Curiosity aroused, Parker slipped silently over to the porch and shooed away the tabby cat who was way too interested in the basket.

"It's a baby," said Parker, confused. Who left babies on doorsteps? Other than the Stork, of course.

"Babies don't come from storks," argued Eliot, sounding a bit miffed as always. "I don't always sound miffed," he said, sounding even more miffed. He growled, and Parker smirked.

The baby smirked back, gurgling up at her.

"It's frothing at the mouth," Parker hissed, poking the basket. The baby laughed and squirmed.

"Wait," said Hardison, ignoring Parker's observation, "are you saying that someone actually left a baby on a doorstep?"

"Don't you listen? Yes." Parker rolled her eyes. She watched the baby curiously as she listened to her teammates discuss the situation. It giggled when she made a face at it, so she stuck out her tongue again. It was kind of cute, once you got over the frothing mouth and inability to talk.

Teammates still arguing in her ear, she made her decision. She carefully lifted the baby out of the basket and settled it into her backpack. Checking to make sure it was more or less secure, she zipped up the backpack and slipped her arms through the straps. She stood up smoothly, careful not to jostle around too much. She remembered someone telling her once that babies were fragile.

Ten minutes and six blocks later, she threw open the back doors of the surveillance van where Hardison and Eliot were waiting.

"Gah!" said Hardison.

"Any trouble?" asked Eliot, catching her tossed backpack as Parker scrambled into the van and pulled the doors shut.

"Nope," said Parker, grinning and sitting down next to Hardison.
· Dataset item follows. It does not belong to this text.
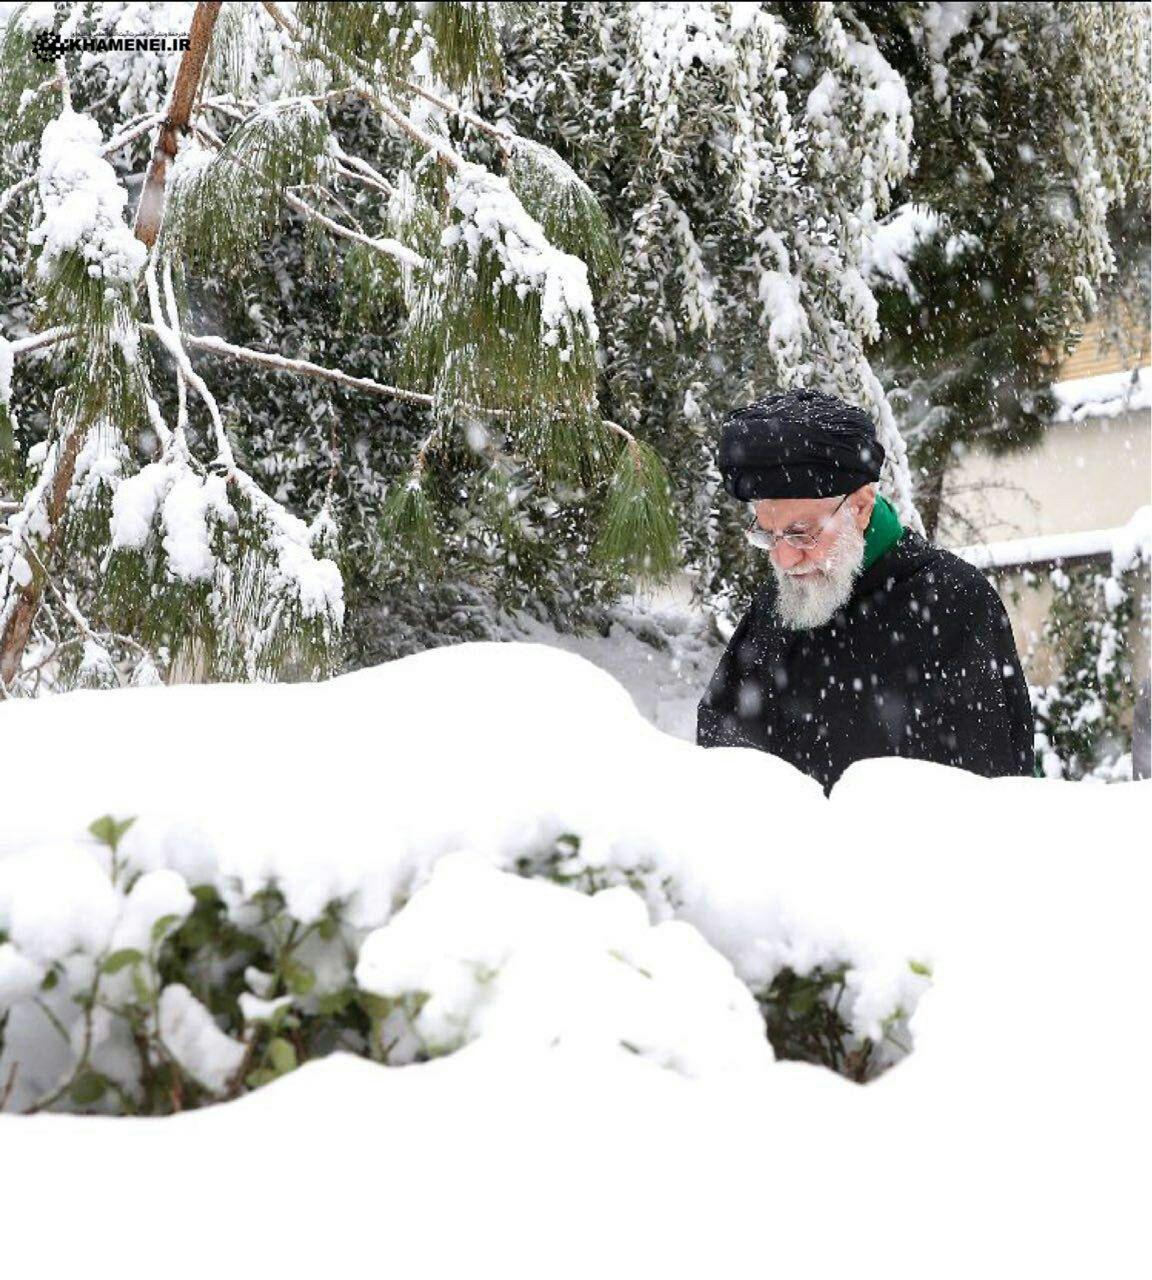 رهبر معظم انقلاب در برف امروز تهران + عکس

She continued to smile as Eliot unzipped the backpack.

"Jesus Christ, Parker," snapped Eliot, glaring at her as he carefully shifted his grip on the backpack. "What the hell?"
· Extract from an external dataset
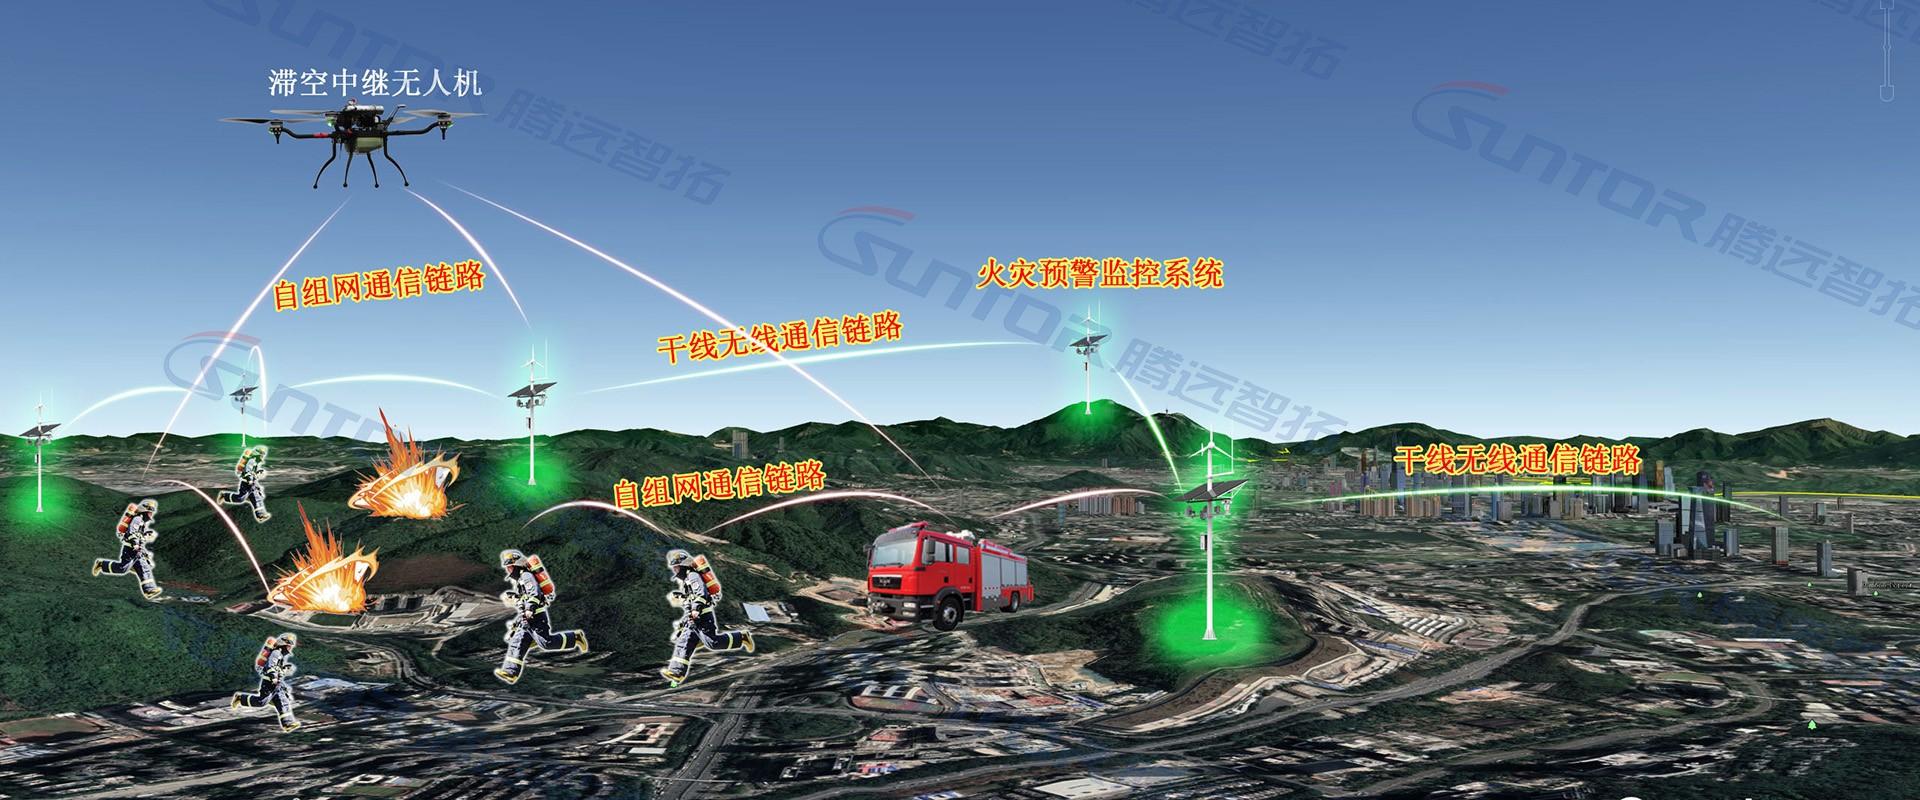 森林消防应急无线自组网方案图

"Huh?" Hardison spun around, curious as always.

"It likes being tossed," Parker informed them, smiling. "And it makes a funny faces when you poke it."

"Wait," Hardison's face took on an incredulous look. "Is that… Parker, did you…"

"Yes," Eliot ground out, carefully removing the wide-eyed infant from the backpack. "She did."

"It followed me home!" Parker chirped on cue. "Can we keep it?"